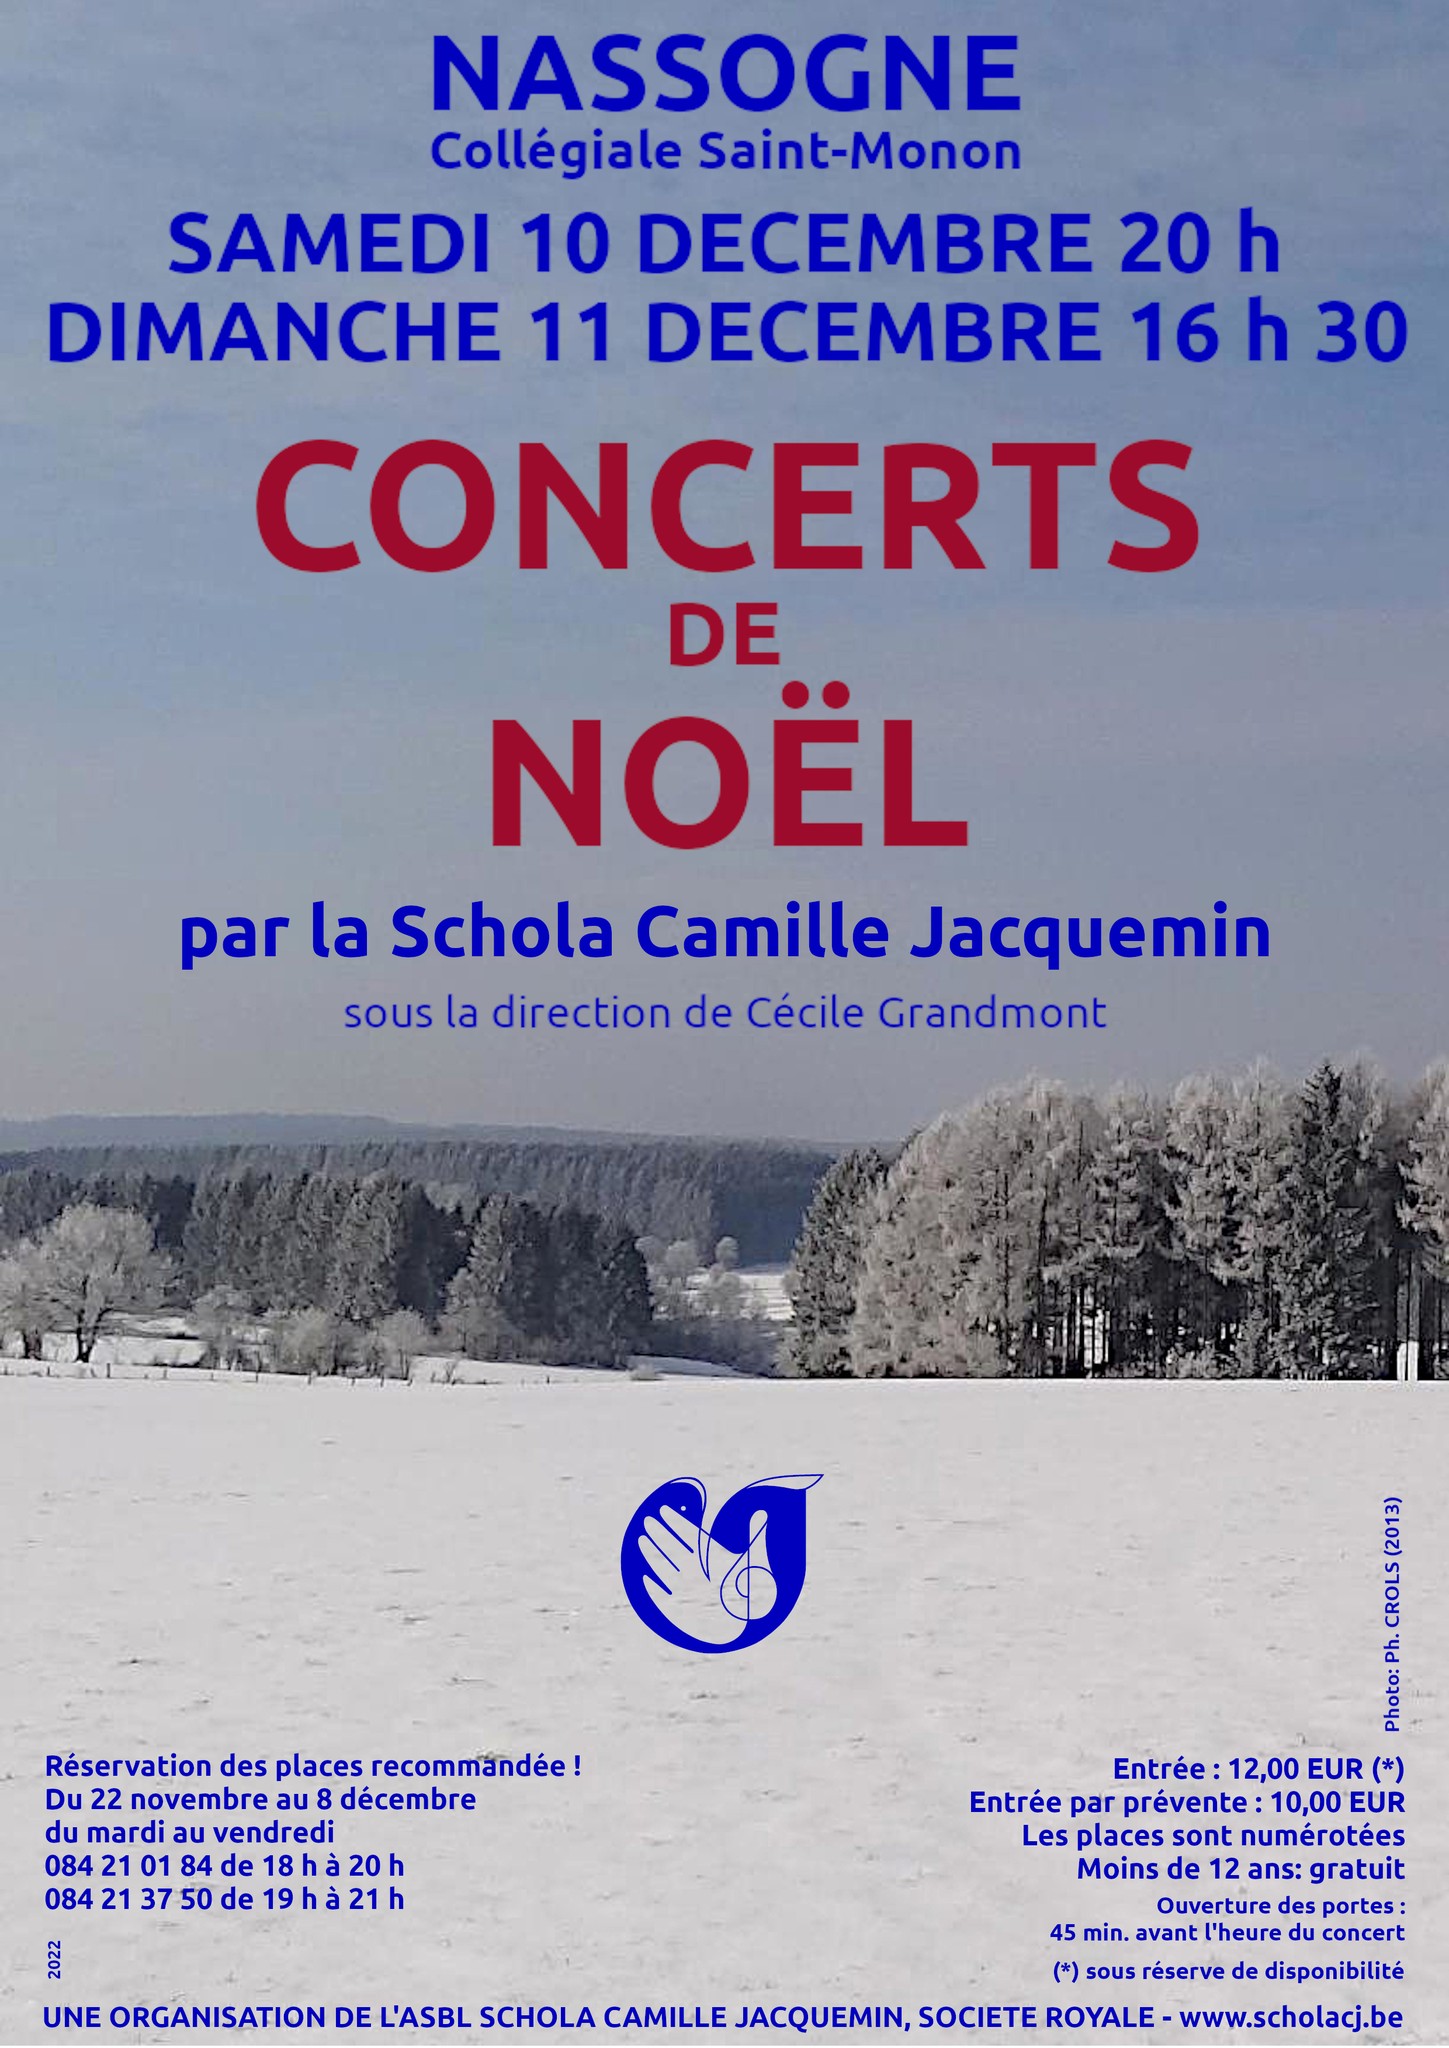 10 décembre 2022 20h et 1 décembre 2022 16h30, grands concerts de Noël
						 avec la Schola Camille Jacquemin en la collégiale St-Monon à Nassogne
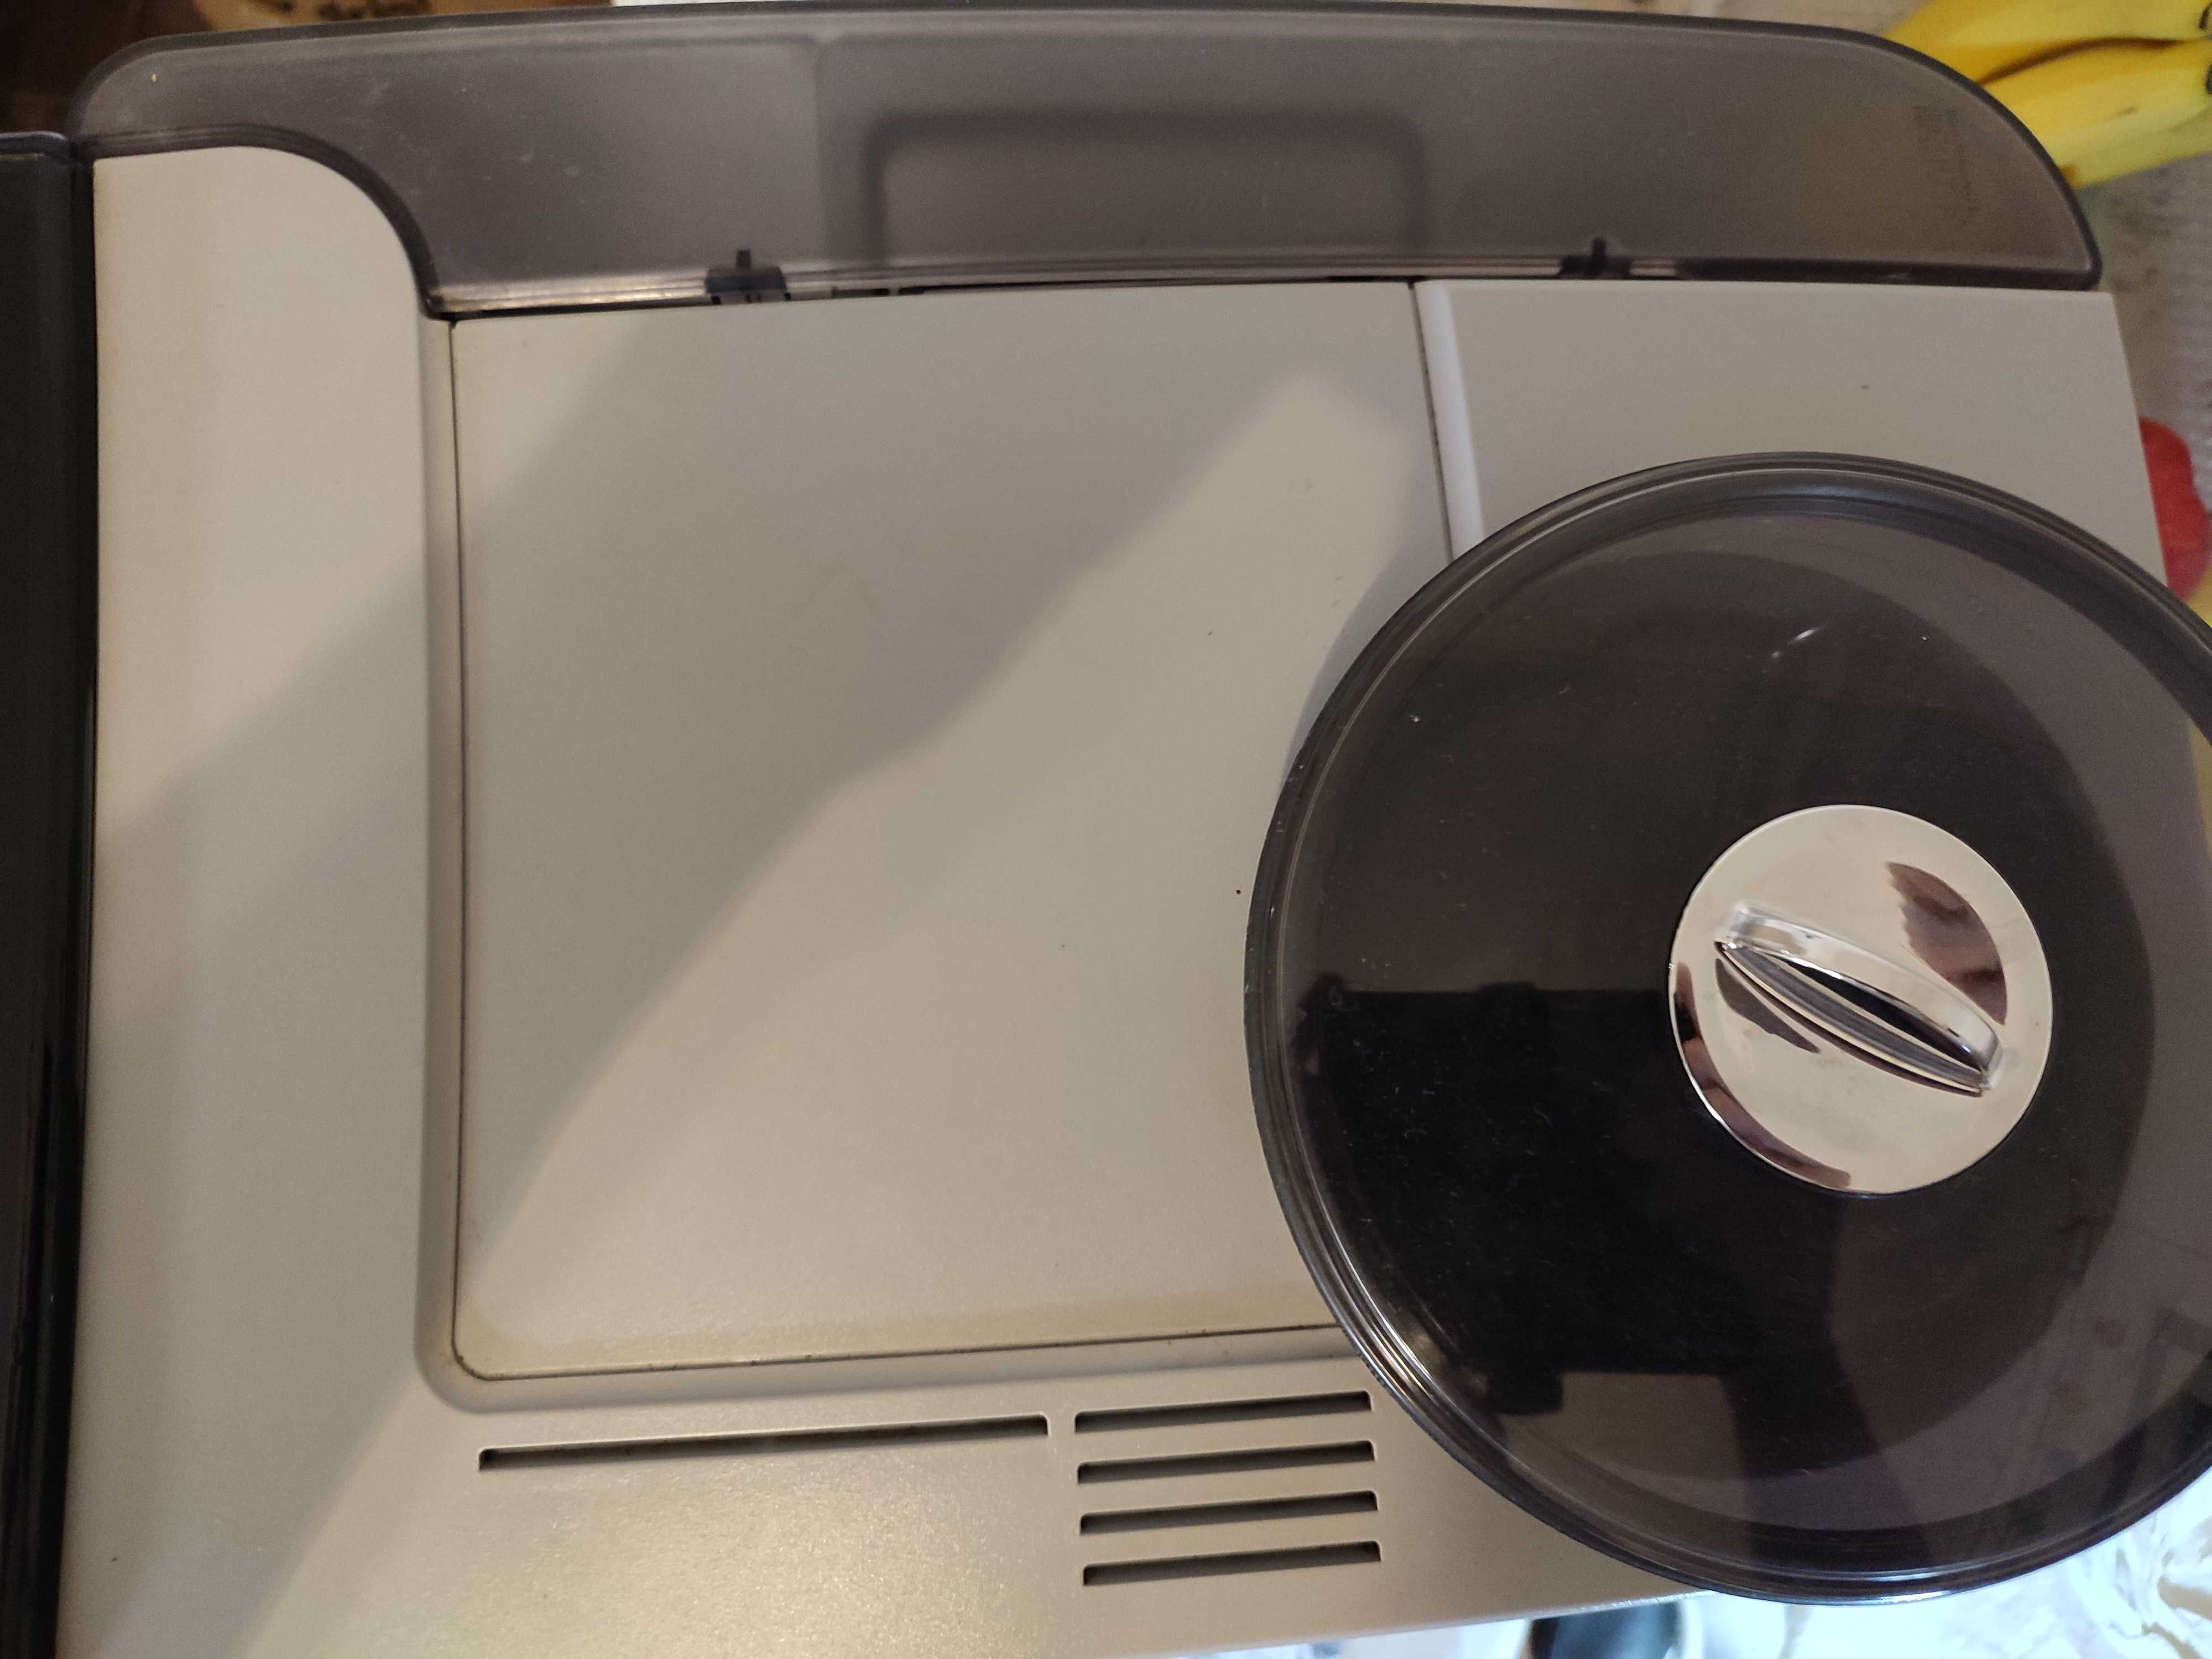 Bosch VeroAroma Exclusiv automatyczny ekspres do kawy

★ ★ ★ ★ ★ ★ ★

Copy exactly the lines from the line that holds "avec la Schola" to the end of the listing, both included. Leave the pictures out.

						 avec la Schola Camille Jacquemin en la collégiale St-Monon à Nassogne
 Bosch VeroAroma Exclusiv automatyczny ekspres do kawy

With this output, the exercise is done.